Ces dernières années, le milieu de la culture s’est judiciarisé comme l’ensemble de notre société. Les professionnels du livre doivent donc être attentifs aux réformes de la justice qui peuvent modifier la gestion des contentieux. Or, la loi du 23 mars 2019 de programmation et de réforme pour la justice est entrée en vigueur le 1er janvier 2020. Elle a donné naissance au "tribunal judiciaire", issu de la fusion de l’ensemble des contentieux qui relevaient du tribunal d’instance et du tribunal de grande instance.
Le but est de réunir, au sein d’une même juridiction, tous les litiges relevant de la compétence civile de première instance. Précision que, au sein du tribunal judiciaire, les affaires qui étaient jugées par le tribunal d’instance sont traitées à présent par un "juge des contentieux et de la protection".
Limites
Les textes afférents à cette réforme insistent sur le fait que tous les sites sont maintenus et lorsque ceux-ci ne sont pas dans la même commune que l’ancien tribunal de grande instance, l’ancien tribunal d’instance sera dénommé tribunal de proximité. Rappelons que, avant cette réforme de la justice, les tribunaux d’instance étaient compétents pour les litiges aux montants inférieurs à 10000 euros. Le tribunal de proximité qui le remplace peut a priori traiter les litiges civils quel que soit le montant.
Mais ses compétences sont en revanche limitées à une série de problématiques précises liées à la vulnérabilité économique et sociale et touchant à un ordre public de protection (telles que le traitement des situations de surendettement, les procédures modificatives en matière familiale, l’expulsion d’occupants illégaux, la sécurité sociale et la tutelle des majeurs). Pas sûr que le nouveau schéma réponde donc vraiment au souci de "simplification".
Procédure participative
Autre innovation de ce début d’année, l’extension de la procédure participative de mise en état, née de la loi du 18 novembre 2016 de modernisation de la justice du XXIe siècle. La procédure participative sert en théorie aux parties accompagnées de leurs avocats pour mettre en état leur litige avant de le faire trancher par le tribunal ou la Cour d’appel. L’objectif officiel est de donner aux parties les moyens d’accélérer le temps de leur procès, la mise en état étant l’une des phases les plus longues d’un procès.
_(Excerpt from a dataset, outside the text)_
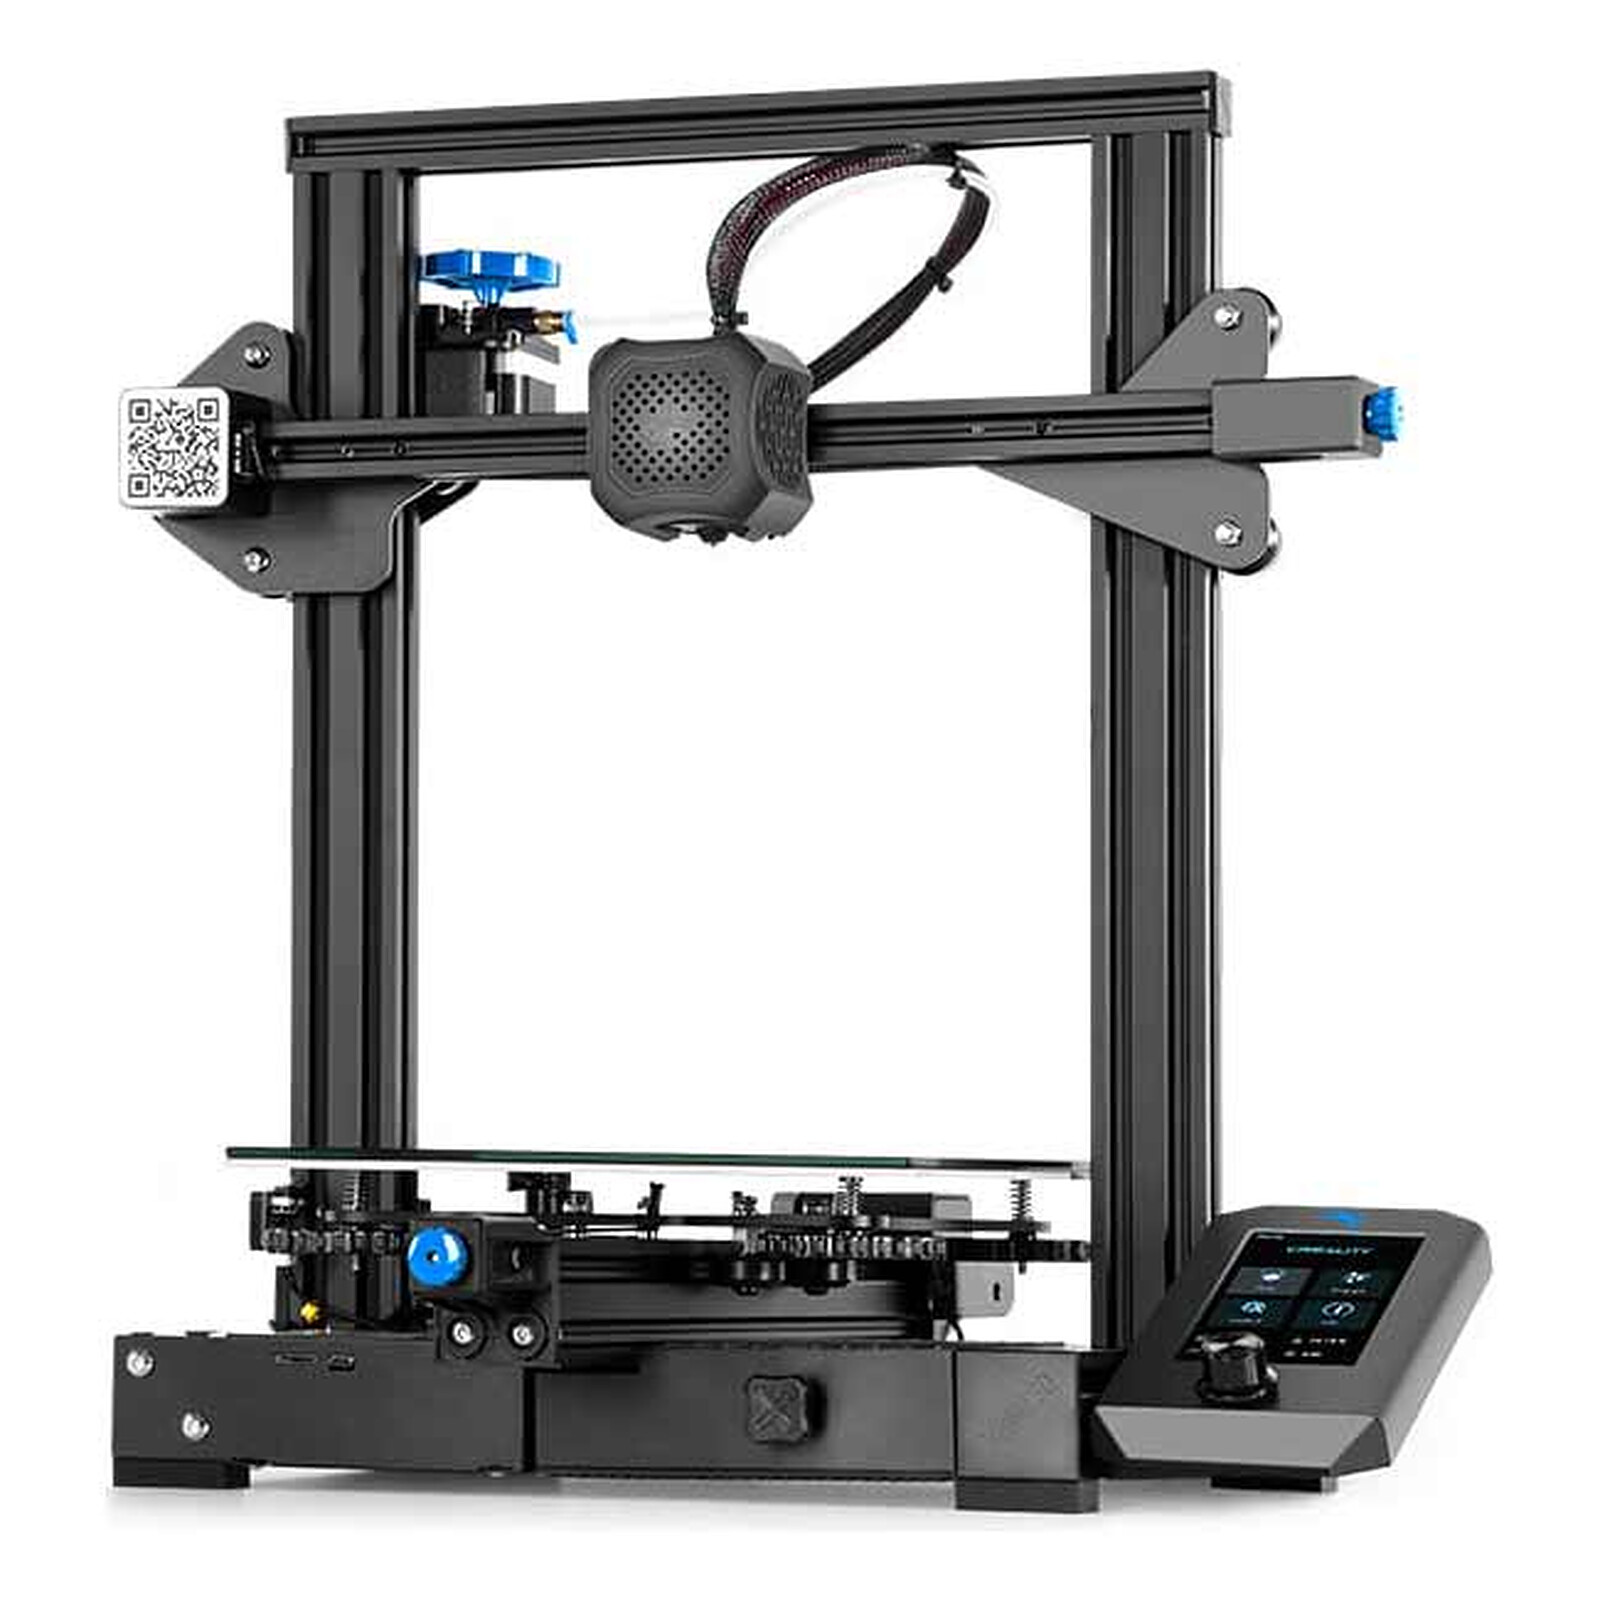 Creality Ender 3 pro - Imprimante 3D - Garantie 3 ans LDLC

La procédure participative de mise en état se caractérise par la signature d’une convention, avant le retour à la procédure judiciaire. Lorsque les parties et leurs avocats justifient avoir conclu une convention de procédure participative aux fins de mise en état, le juge peut, à leur demande, fixer la date de l’audience de clôture de l’instruction et la date de l’audience de plaidoiries. Il arrive aussi que les adversaires parviennent ainsi, hors du regard du juge, à un accord total sur le fond du litige, le magistrat étant donc chargé de l’homologation dudit accord. Rien de bien neuf en réalité, mais beaucoup de vœux pieux pour tenter de pousser à la médiation et au désengorgement des audiences.
Peu d'enthousiasme
Enfin, point non négligeable, les nouveaux textes posent par principe que les décisions de première instance sont de droit exécutoires à titre provisoire, à moins que la loi ou la décision rendue n’en disposent autrement. Et ce alors que, jusqu’ici, l’appel permettait d’écarter l’exécution de la décision.
Il y a donc à présent exécution provisoire de droit sauf si la loi en dispose autrement et sauf si le juge décide d’écarter l’exécution provisoire en tout ou partie car il estime en particulier qu’elle est incompatible avec la nature de l’affaire ou qu’elle risque d’entraîner des conséquences manifestement excessive.
Avouons aussi que l’ensemble de ces changements ne suscite guère d’enthousiasme parmi la grande famille judiciaire, qui n’y voit qu’une façon de diminuer à marche forcée les procès et les voies de recours, faute par les autorités de doter honorablement le budget de la justice.